Obtaining correct PDF page number in the response using GPTs

I created my own GPT that provides a response based on an input document (e.g. PDF). As part of the reasoning response I would like to have the page number associated with the generated answer, i.e. based on the most relevant page that was used to generate the answer. Right now I get correct responses, but hallucinated page numbers.

Is this at all possible? Or is it that the chunking and indexing behind the scenes is agnostic to page numbers?

I have also tried loading a small test PDF (3 pages) into ChatGPT, and just asked it “what page number is X on?”, where X is some piece of information that is unique to a specific page, and the answer (page number) is completely wrong.

It makes me think that there is no preservation of document hierarchy under the hood, it’s just some straight forward chunking of text.

Is there some update about that, @platypus ? I have the same doubt about the pagination metadata information

The way that GPT interprets PDF is the same way that we can convert PDF.

While GPT can technically read pdf, it may not be good PDF.

Do a PDF to Markdown conversion, and read the document as text in notepad // nano.

does it look readable?

well thats how GPT reads it.

really the best way to load documents into GPT is one of 2 ways.

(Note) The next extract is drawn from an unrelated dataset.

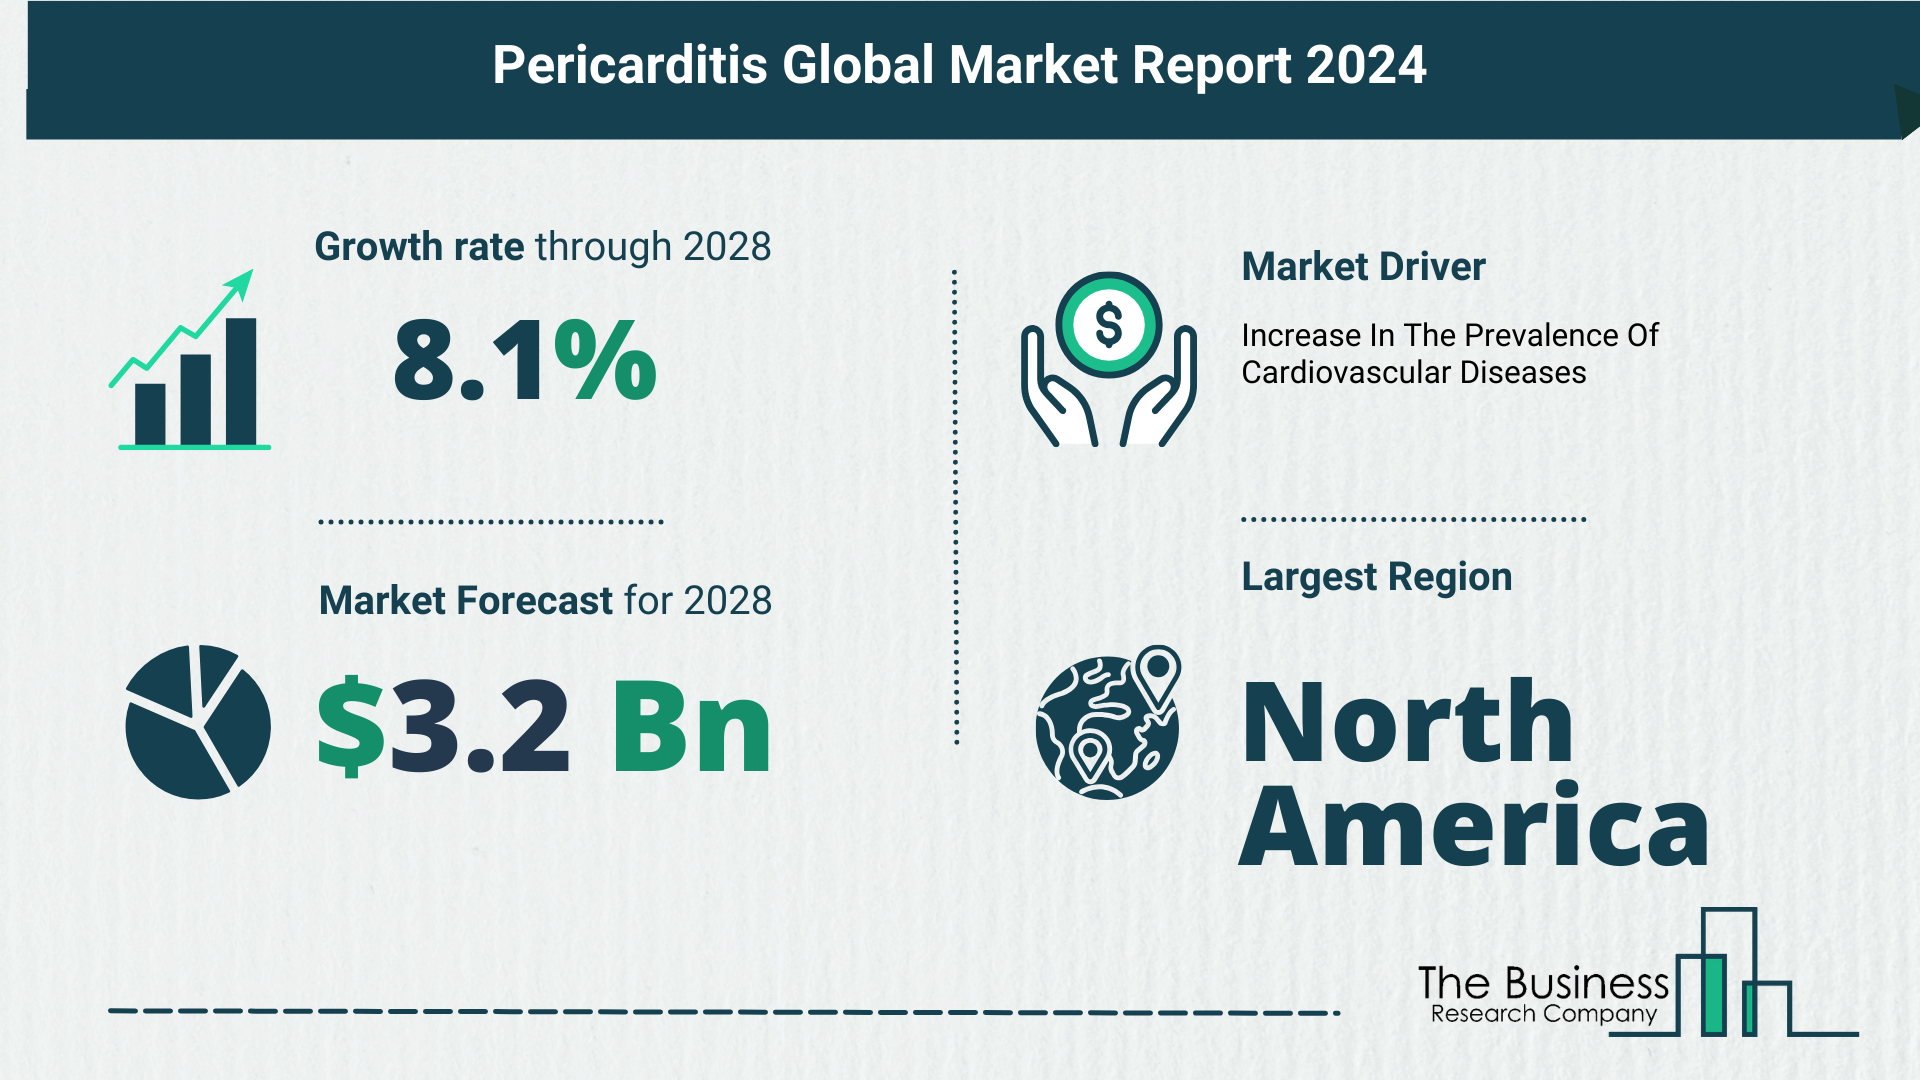 Global Pericarditis Market

  1. Copy paste it as text (or convert it to text confidently)

  2. JSON.

the rule of thumb is - if it makes sense to YOU when you read it…
then it makes sense to GPT.

No update yet. I will run some more experiments with different ways of formatting PDFs, and report back. But it would be great if OpenAI could describe the process behind document ingestion. In my case I work with lots of visually rich documents - mixture of text, images, graphs, etc. How the ingestion, chunking, and metadata works is essentially a must. Otherwise I have to fall back on LangChain where I have full control.

1 Like

How wold you convert it to JSON because then there is the possibility of adding meta data as well??

Some updates:

  • I created two variations of a simple 3-page PDF document where there was a simple b&w image on page 1, some text on page 2, and another simple b&w image on page 3. Each page was marked with a page number.
  • In one version of the document, it was a mixture of images and “selectable” text, i.e. text was represented as text in PDF metadata; in the other version, everything, including plain text, were “images”, i.e. text was non-selectable in the document.
  • I prompted for the page number in various ways. For example: “What page number is X on?”, “By visually inspecting each page of the document, from start to finish, provide a page number for X”, “By visually inspecting each page of the document, from start to finish, count the number of pages from the start of the document, where there is X”. In these prompts “X” is a description of text or an image.
  • During it’s “Analyzing” stage, GPT-4 actually correctly displays each page in sequence (it activates “visual inspection” function), but the resulting page numbers are always incorrect.

Conclusion: while the temporary storage of the document preserves proper form, once it goes beyond that (to vector db and GPT model and whatever else is behind the wall), it has no idea what a page is.